WORK TASK:
Set down each line of the material that follows, exactly, with no pictures.

PROVIDED DATA:

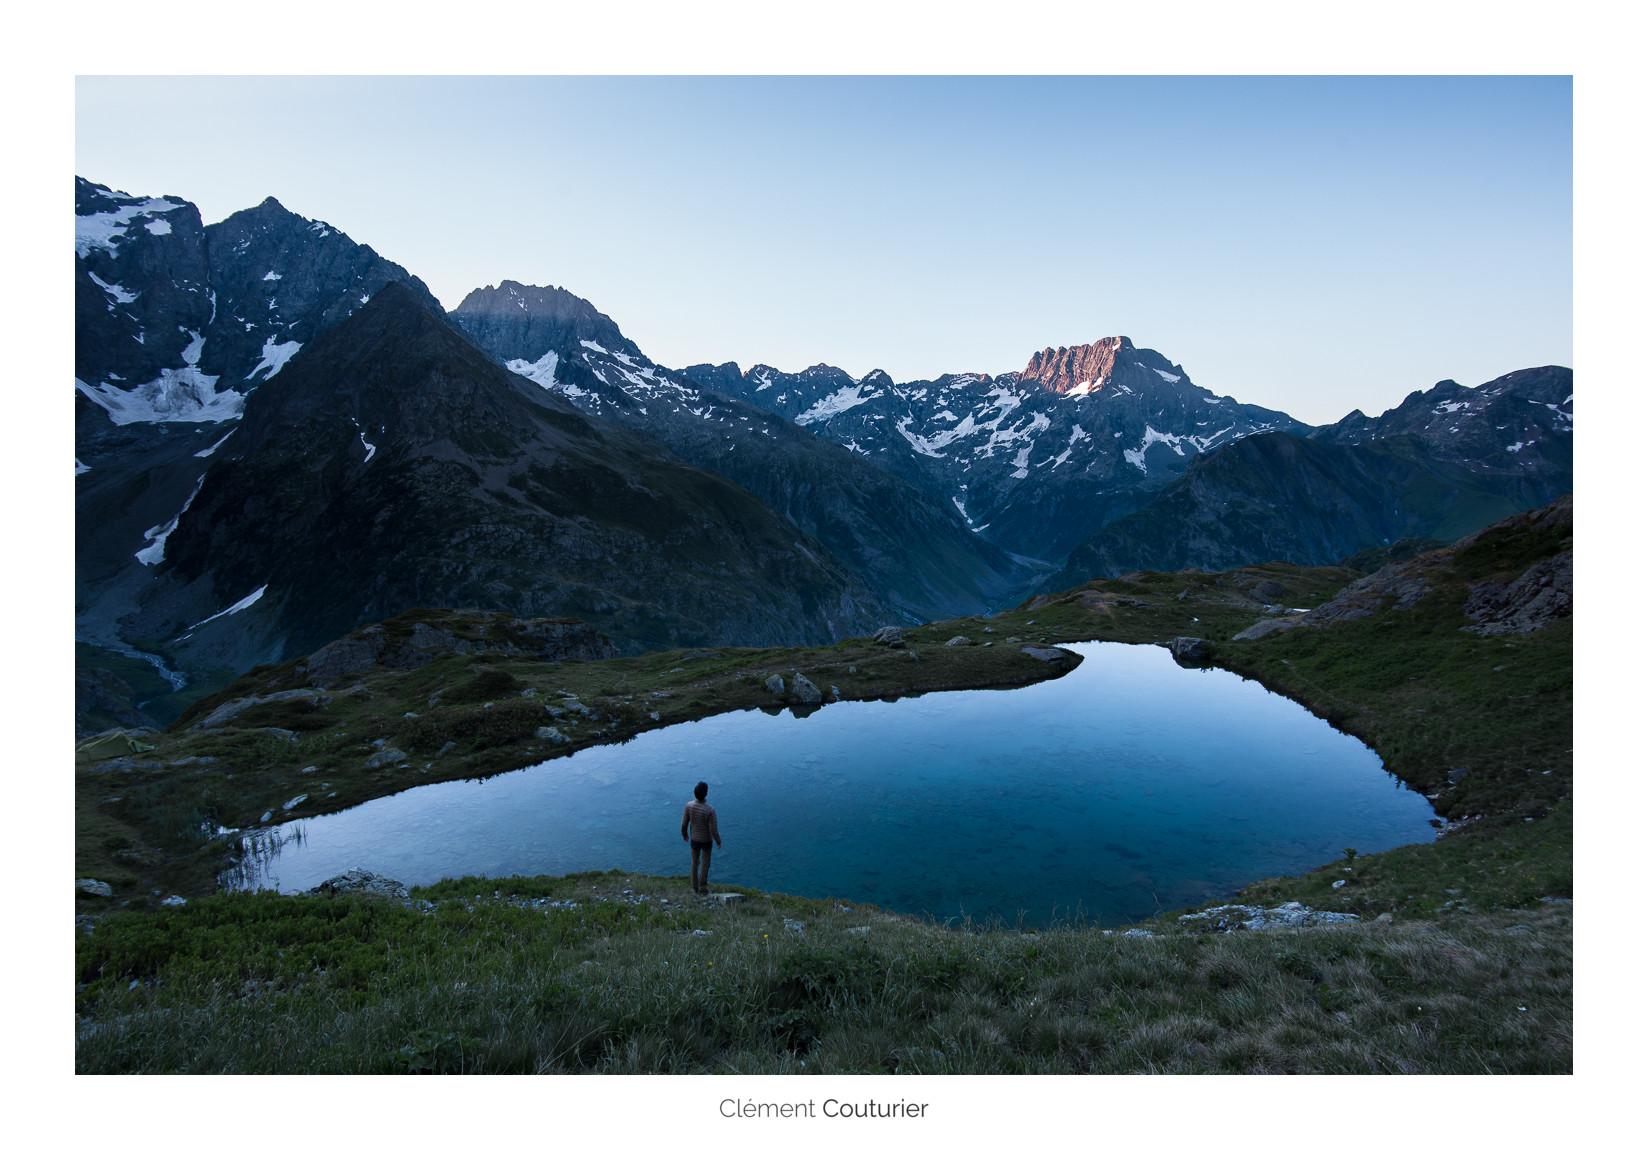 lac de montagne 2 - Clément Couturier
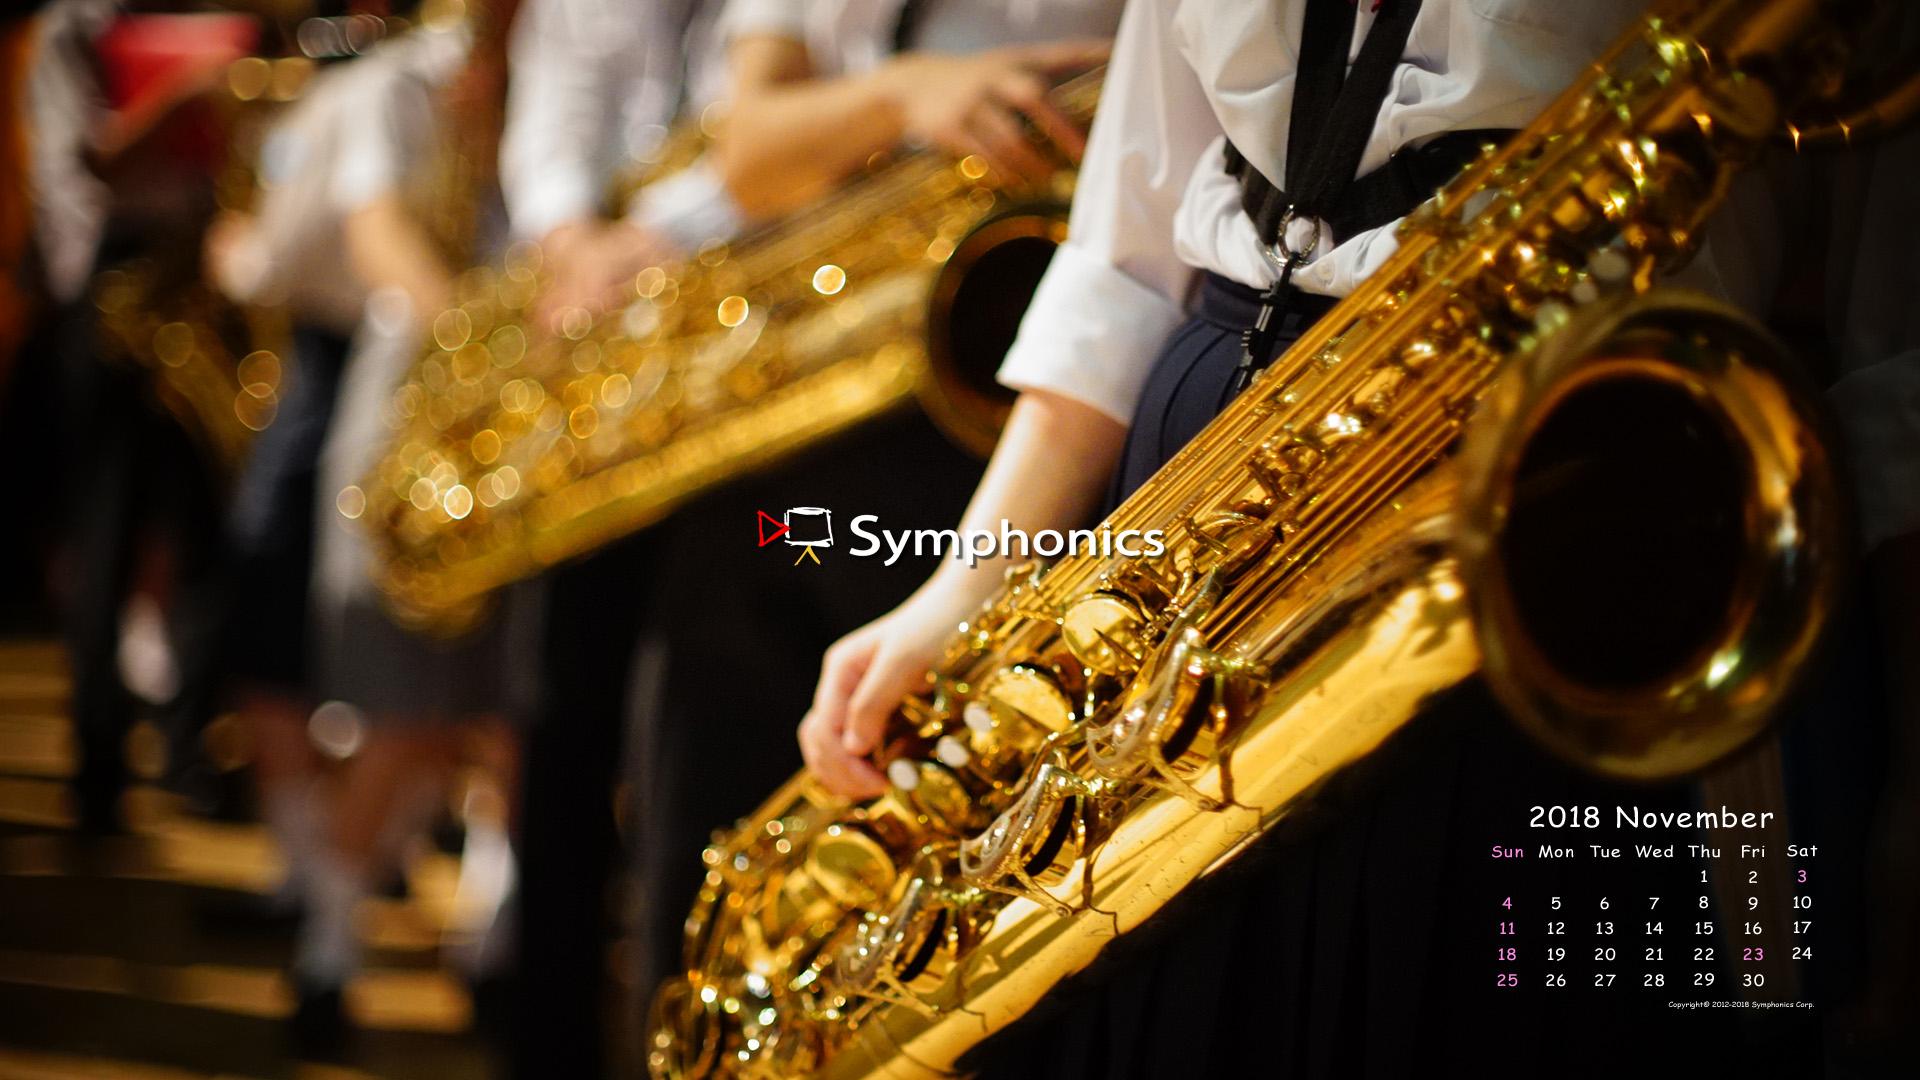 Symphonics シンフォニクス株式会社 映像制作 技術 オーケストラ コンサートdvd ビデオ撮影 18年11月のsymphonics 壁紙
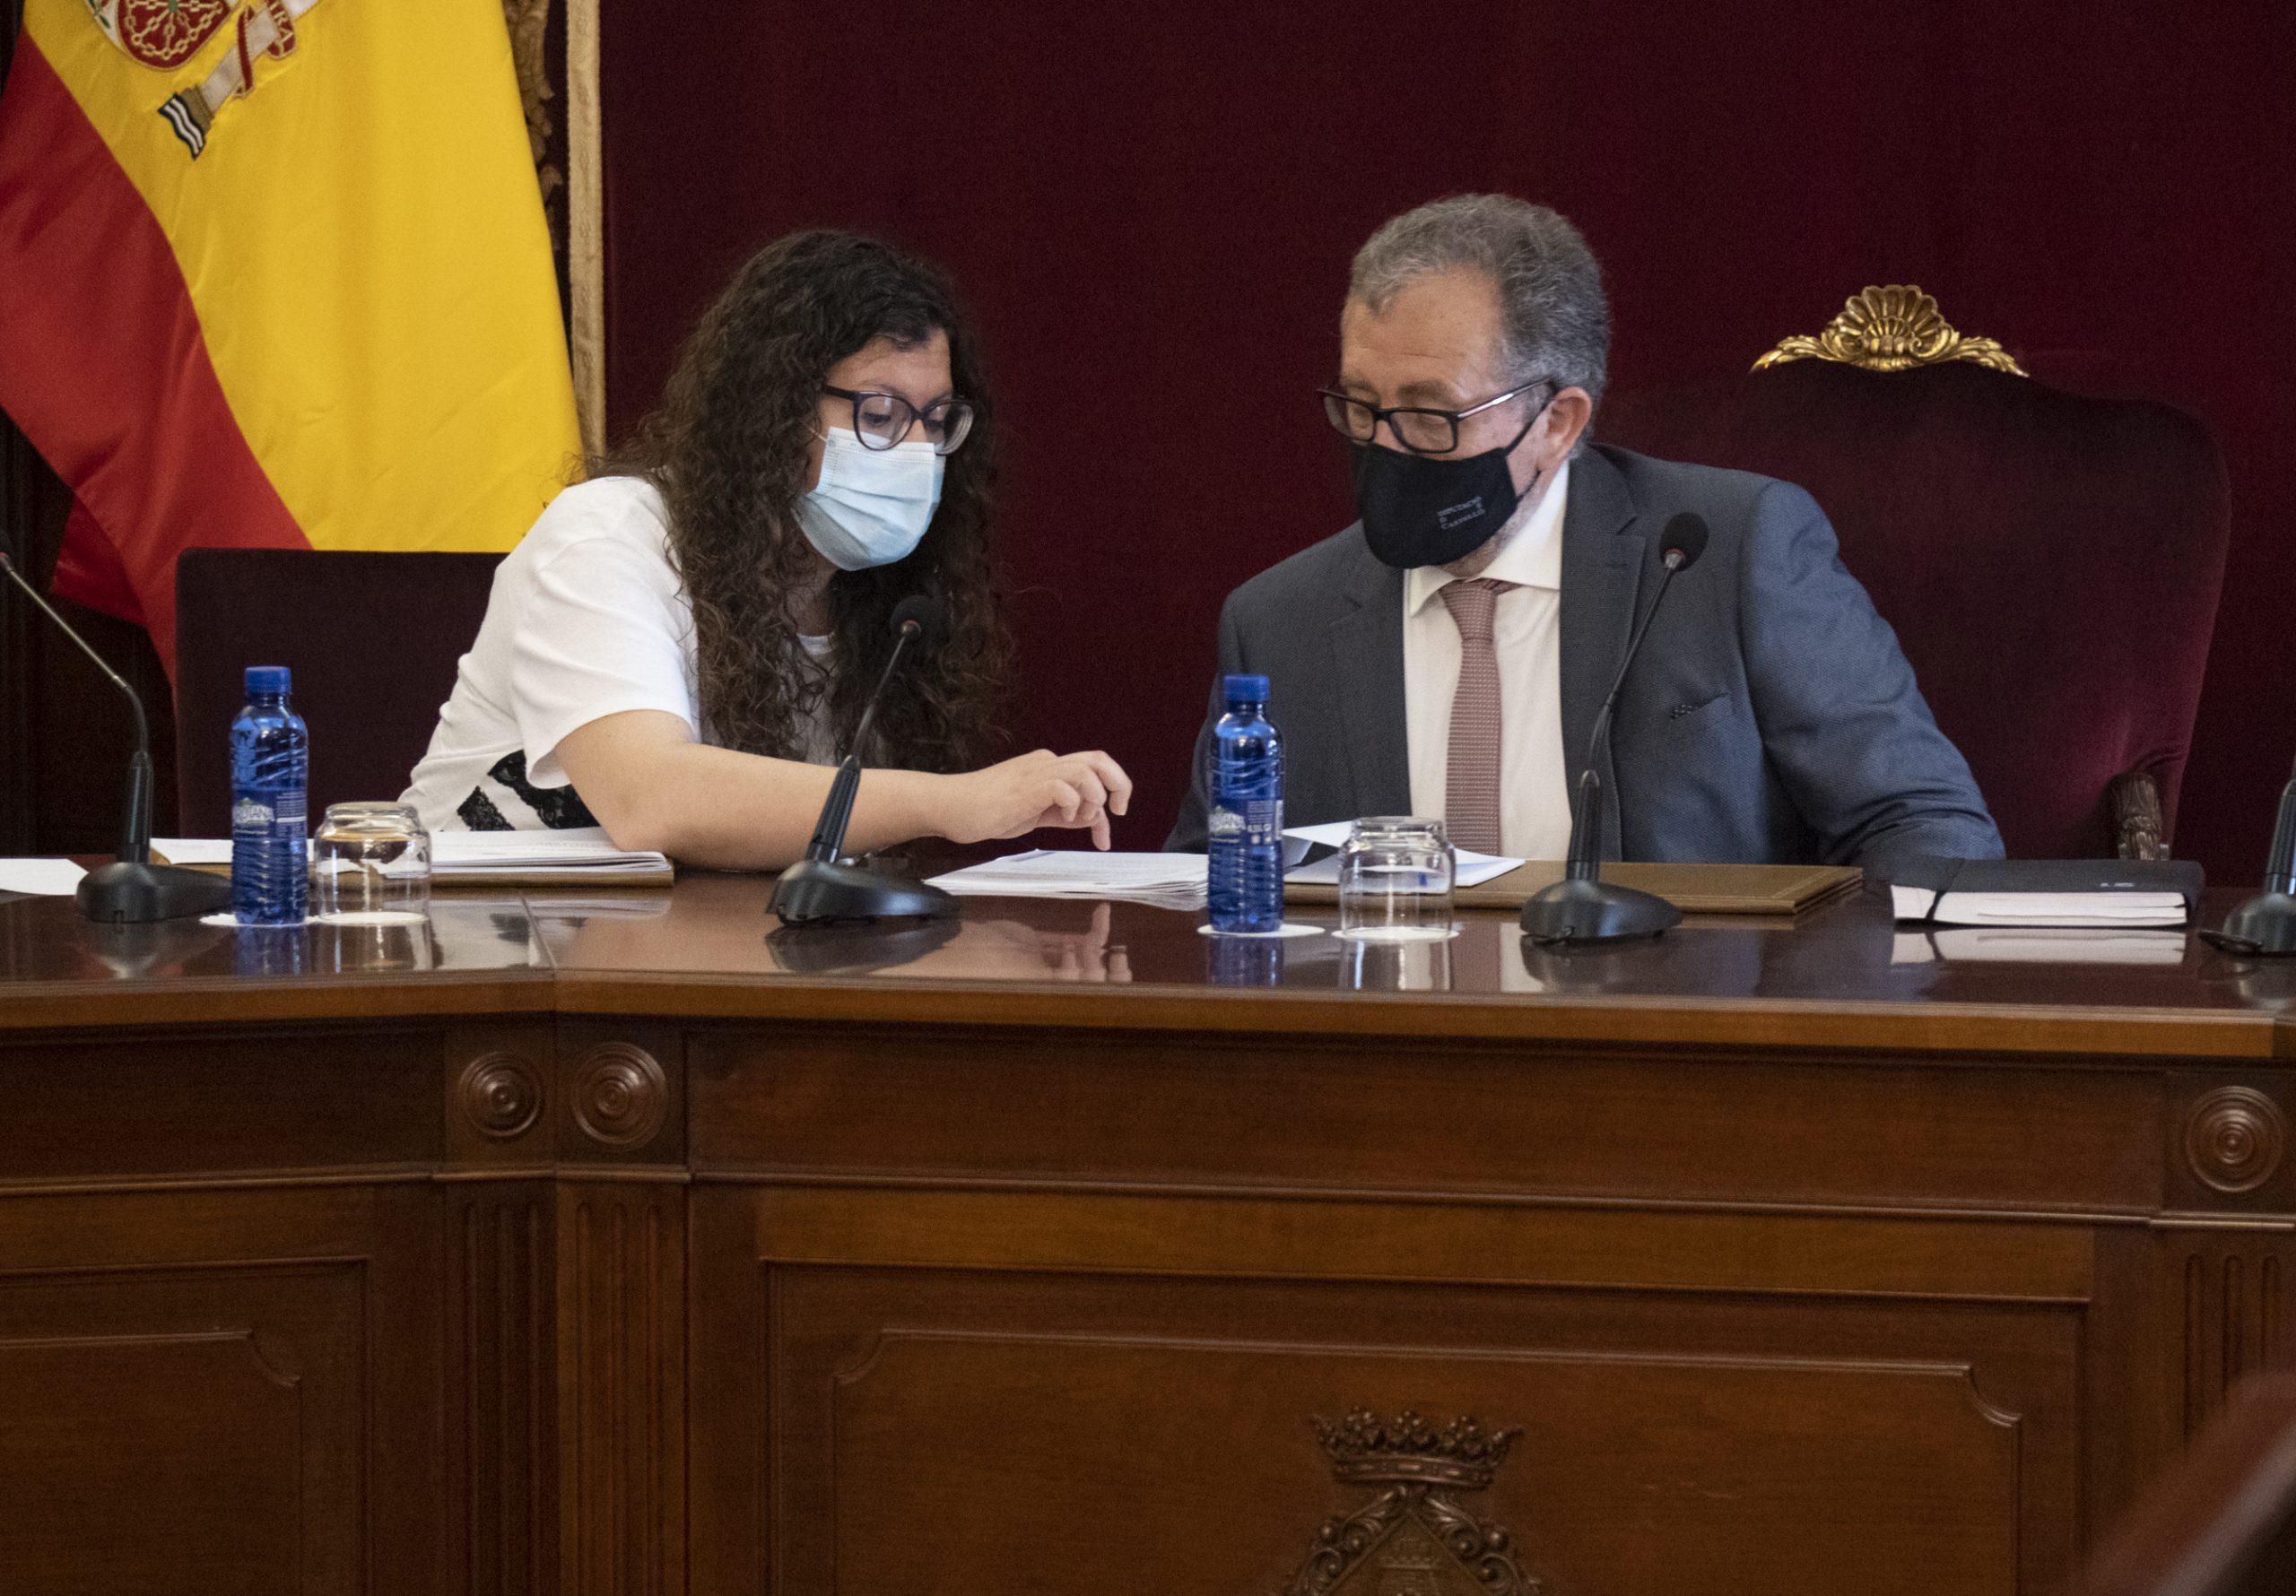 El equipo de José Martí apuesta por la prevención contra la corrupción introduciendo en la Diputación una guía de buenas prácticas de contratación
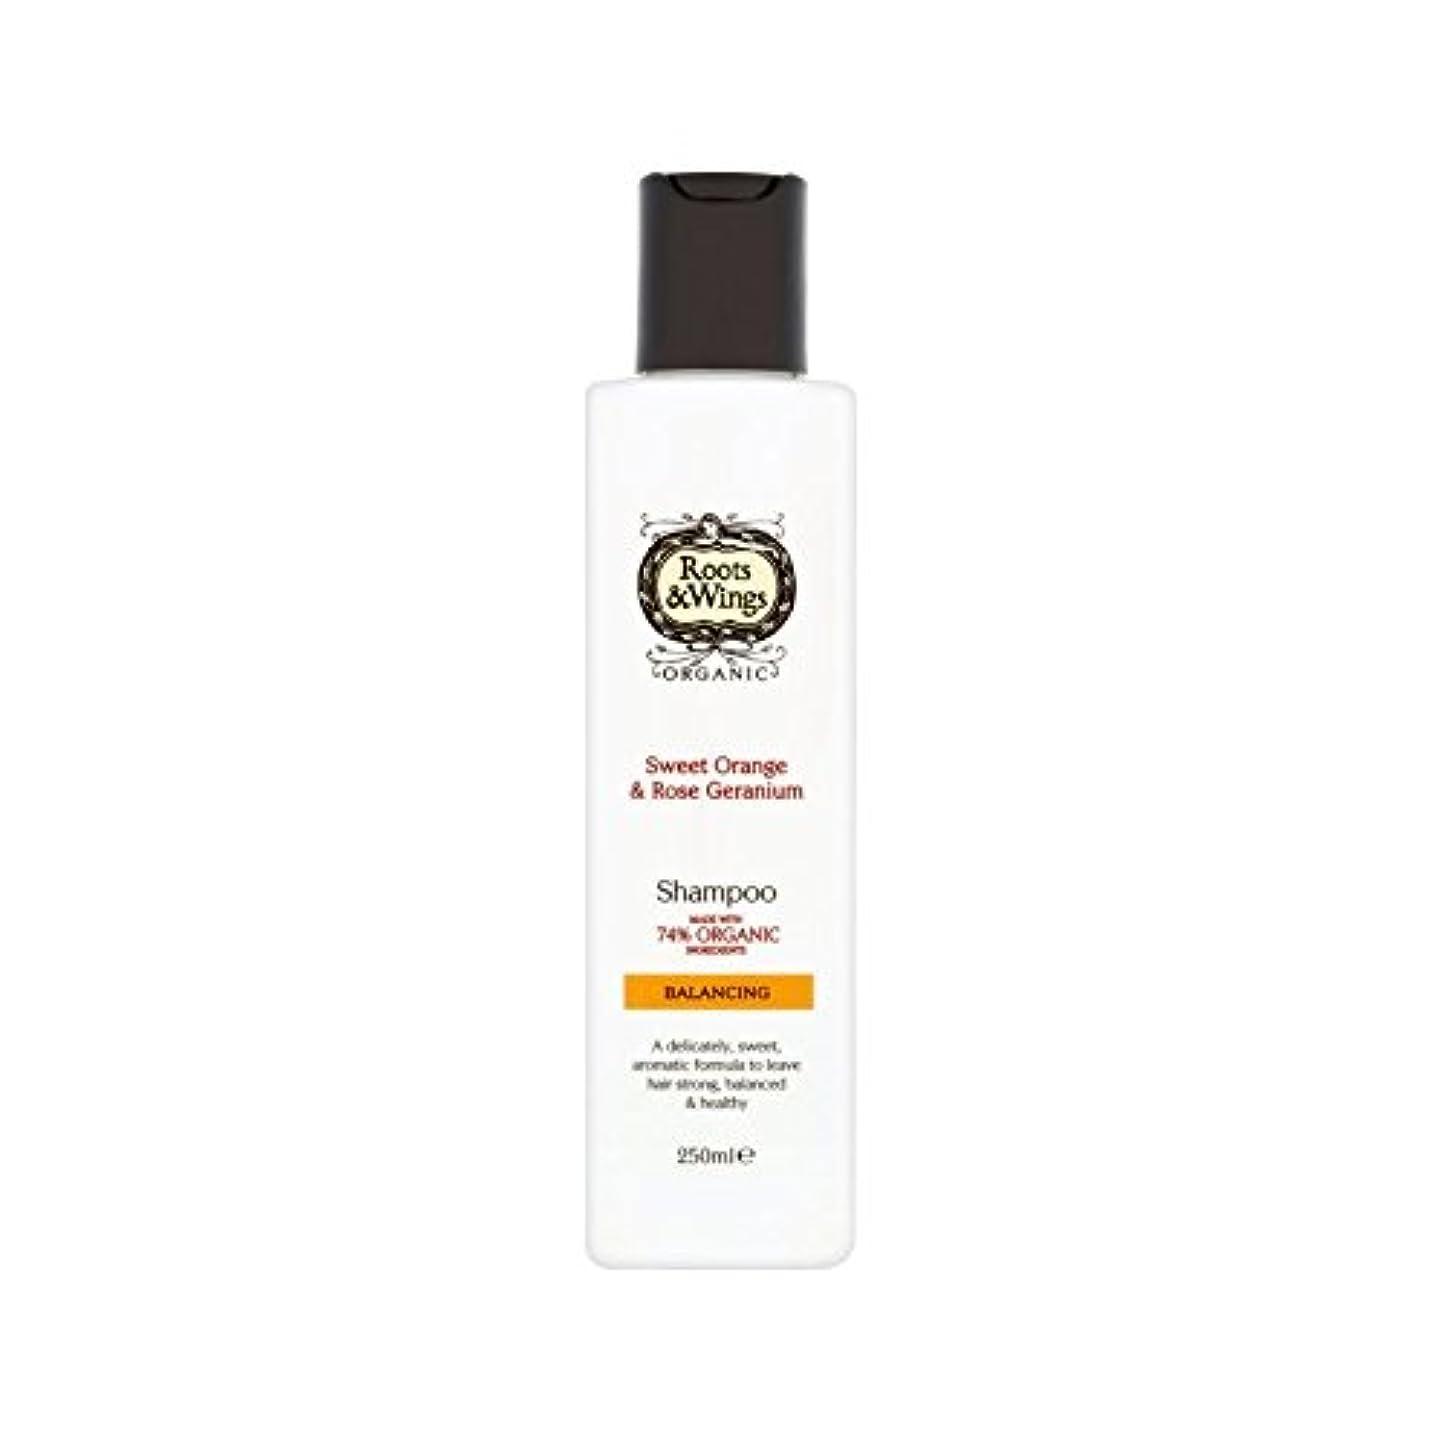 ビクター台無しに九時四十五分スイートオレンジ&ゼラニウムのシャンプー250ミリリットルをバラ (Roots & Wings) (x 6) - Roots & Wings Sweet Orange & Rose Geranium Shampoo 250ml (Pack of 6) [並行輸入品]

TASK OUTPUT:
 lac de montagne 2 - Clément Couturier
 Symphonics シンフォニクス株式会社 映像制作 技術 オーケストラ コンサートdvd ビデオ撮影 18年11月のsymphonics 壁紙
 El equipo de José Martí apuesta por la prevención contra la corrupción introduciendo en la Diputación una guía de buenas prácticas de contratación
 ビクター台無しに九時四十五分スイートオレンジ&ゼラニウムのシャンプー250ミリリットルをバラ (Roots & Wings) (x 6) - Roots & Wings Sweet Orange & Rose Geranium Shampoo 250ml (Pack of 6) [並行輸入品]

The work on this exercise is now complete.